**What to produce:** Nothing but the lines from the start of the records through the line that contains "GOP Anti-Trump Group" is to be copied, and each is to be copied exactly.

**Provided records:**
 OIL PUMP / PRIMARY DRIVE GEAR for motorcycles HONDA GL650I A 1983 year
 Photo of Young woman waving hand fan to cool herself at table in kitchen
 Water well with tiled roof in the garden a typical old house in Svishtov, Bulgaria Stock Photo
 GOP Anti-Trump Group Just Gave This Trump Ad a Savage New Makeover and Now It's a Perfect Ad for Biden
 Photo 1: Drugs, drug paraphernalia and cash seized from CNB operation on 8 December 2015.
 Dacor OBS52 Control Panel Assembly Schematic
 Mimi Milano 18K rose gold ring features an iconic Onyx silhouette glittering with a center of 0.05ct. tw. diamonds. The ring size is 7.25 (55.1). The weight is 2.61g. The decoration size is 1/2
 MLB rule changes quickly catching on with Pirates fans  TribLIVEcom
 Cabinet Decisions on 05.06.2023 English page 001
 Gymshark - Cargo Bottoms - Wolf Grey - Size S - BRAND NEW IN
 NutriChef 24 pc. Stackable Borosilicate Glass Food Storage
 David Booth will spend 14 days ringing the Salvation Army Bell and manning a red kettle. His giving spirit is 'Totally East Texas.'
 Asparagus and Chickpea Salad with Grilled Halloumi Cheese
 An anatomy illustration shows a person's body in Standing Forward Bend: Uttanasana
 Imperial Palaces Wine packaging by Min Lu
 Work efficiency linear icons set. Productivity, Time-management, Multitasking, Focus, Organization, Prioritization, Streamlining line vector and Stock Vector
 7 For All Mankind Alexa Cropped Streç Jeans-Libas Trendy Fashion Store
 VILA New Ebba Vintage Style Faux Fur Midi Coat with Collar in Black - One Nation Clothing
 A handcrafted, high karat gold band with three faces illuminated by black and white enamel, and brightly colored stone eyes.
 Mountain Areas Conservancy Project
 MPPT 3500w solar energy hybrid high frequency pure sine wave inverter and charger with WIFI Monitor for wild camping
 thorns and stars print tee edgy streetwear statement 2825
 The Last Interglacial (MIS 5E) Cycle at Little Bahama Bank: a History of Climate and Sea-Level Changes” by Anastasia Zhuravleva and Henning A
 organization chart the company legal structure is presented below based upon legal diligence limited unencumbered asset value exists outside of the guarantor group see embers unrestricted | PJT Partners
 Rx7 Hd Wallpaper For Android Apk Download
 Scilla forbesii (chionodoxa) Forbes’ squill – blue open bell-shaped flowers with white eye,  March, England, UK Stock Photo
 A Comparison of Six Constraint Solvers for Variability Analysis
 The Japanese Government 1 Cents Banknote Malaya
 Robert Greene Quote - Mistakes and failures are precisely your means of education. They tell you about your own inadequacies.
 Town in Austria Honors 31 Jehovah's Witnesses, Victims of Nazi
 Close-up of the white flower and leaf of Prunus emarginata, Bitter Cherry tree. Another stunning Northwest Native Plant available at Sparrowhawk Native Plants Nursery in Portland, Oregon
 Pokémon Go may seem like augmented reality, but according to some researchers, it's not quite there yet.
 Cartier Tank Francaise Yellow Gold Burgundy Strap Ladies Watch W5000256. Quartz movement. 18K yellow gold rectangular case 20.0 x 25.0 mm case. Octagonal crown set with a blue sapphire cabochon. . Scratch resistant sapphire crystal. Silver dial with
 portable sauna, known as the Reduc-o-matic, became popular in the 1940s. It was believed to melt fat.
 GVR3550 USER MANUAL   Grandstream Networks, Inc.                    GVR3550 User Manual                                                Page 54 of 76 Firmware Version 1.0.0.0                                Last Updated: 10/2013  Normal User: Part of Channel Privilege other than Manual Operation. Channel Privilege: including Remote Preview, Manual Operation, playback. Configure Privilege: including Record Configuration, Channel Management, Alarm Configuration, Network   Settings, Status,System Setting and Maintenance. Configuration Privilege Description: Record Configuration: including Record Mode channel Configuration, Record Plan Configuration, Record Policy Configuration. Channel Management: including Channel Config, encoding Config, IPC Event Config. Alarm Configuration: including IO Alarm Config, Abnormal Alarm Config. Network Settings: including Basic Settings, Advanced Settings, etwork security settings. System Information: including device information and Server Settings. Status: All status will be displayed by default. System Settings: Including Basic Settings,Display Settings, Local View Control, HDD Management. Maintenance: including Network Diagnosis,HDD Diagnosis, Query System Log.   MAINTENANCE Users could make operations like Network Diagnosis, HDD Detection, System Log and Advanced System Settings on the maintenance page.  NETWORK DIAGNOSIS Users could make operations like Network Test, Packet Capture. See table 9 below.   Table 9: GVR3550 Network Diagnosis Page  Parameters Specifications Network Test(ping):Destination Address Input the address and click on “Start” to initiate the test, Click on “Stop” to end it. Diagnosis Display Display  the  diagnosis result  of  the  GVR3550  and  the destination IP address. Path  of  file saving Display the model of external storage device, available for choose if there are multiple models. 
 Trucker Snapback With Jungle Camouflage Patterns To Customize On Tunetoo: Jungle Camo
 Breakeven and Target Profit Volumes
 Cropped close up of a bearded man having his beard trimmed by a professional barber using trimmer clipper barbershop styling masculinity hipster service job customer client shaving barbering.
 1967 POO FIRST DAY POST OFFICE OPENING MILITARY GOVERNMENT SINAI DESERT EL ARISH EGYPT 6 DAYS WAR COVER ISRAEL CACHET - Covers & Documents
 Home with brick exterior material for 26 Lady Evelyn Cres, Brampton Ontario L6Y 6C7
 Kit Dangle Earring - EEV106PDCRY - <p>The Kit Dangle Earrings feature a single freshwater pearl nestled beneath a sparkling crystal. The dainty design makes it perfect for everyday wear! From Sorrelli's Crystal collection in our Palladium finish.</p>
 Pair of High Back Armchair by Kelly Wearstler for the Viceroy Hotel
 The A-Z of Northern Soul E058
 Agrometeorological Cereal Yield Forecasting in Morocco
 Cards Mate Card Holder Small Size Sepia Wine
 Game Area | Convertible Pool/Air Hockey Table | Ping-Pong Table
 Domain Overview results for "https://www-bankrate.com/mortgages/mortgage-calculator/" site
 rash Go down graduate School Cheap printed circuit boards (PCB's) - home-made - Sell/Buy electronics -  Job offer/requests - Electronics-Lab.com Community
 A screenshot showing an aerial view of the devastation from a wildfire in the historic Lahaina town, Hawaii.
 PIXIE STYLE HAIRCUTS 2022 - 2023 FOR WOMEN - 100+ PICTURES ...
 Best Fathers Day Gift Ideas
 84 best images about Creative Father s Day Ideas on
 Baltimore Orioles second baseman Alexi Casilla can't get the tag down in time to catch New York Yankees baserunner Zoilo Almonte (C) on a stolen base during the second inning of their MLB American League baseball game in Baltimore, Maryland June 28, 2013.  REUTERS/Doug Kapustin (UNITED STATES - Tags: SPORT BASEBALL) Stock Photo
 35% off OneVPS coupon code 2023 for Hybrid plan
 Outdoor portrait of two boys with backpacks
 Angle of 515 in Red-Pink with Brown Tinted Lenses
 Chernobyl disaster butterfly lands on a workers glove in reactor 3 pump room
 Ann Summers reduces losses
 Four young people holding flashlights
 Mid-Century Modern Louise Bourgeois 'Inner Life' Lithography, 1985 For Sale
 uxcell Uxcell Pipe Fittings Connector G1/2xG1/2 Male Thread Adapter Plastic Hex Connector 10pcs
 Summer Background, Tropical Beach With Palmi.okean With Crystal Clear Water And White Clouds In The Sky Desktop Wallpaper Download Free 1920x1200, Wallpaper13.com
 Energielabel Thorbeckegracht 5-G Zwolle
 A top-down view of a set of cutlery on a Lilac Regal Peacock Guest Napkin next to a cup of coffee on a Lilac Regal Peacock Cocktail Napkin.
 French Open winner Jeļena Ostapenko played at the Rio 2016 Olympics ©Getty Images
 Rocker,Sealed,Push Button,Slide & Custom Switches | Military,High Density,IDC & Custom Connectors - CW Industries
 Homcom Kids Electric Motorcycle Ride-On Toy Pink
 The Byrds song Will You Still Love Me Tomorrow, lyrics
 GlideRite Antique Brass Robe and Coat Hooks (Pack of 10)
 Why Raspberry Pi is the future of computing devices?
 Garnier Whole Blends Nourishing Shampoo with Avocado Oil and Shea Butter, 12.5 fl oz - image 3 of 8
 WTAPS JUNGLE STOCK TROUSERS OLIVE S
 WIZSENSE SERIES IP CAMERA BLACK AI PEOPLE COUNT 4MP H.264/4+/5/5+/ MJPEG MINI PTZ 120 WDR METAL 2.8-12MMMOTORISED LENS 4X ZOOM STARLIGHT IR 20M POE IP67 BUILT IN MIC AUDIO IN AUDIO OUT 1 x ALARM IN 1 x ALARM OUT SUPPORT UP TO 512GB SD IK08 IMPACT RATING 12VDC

**Answer to this task:**
 OIL PUMP / PRIMARY DRIVE GEAR for motorcycles HONDA GL650I A 1983 year
 Photo of Young woman waving hand fan to cool herself at table in kitchen
 Water well with tiled roof in the garden a typical old house in Svishtov, Bulgaria Stock Photo
 GOP Anti-Trump Group Just Gave This Trump Ad a Savage New Makeover and Now It's a Perfect Ad for Biden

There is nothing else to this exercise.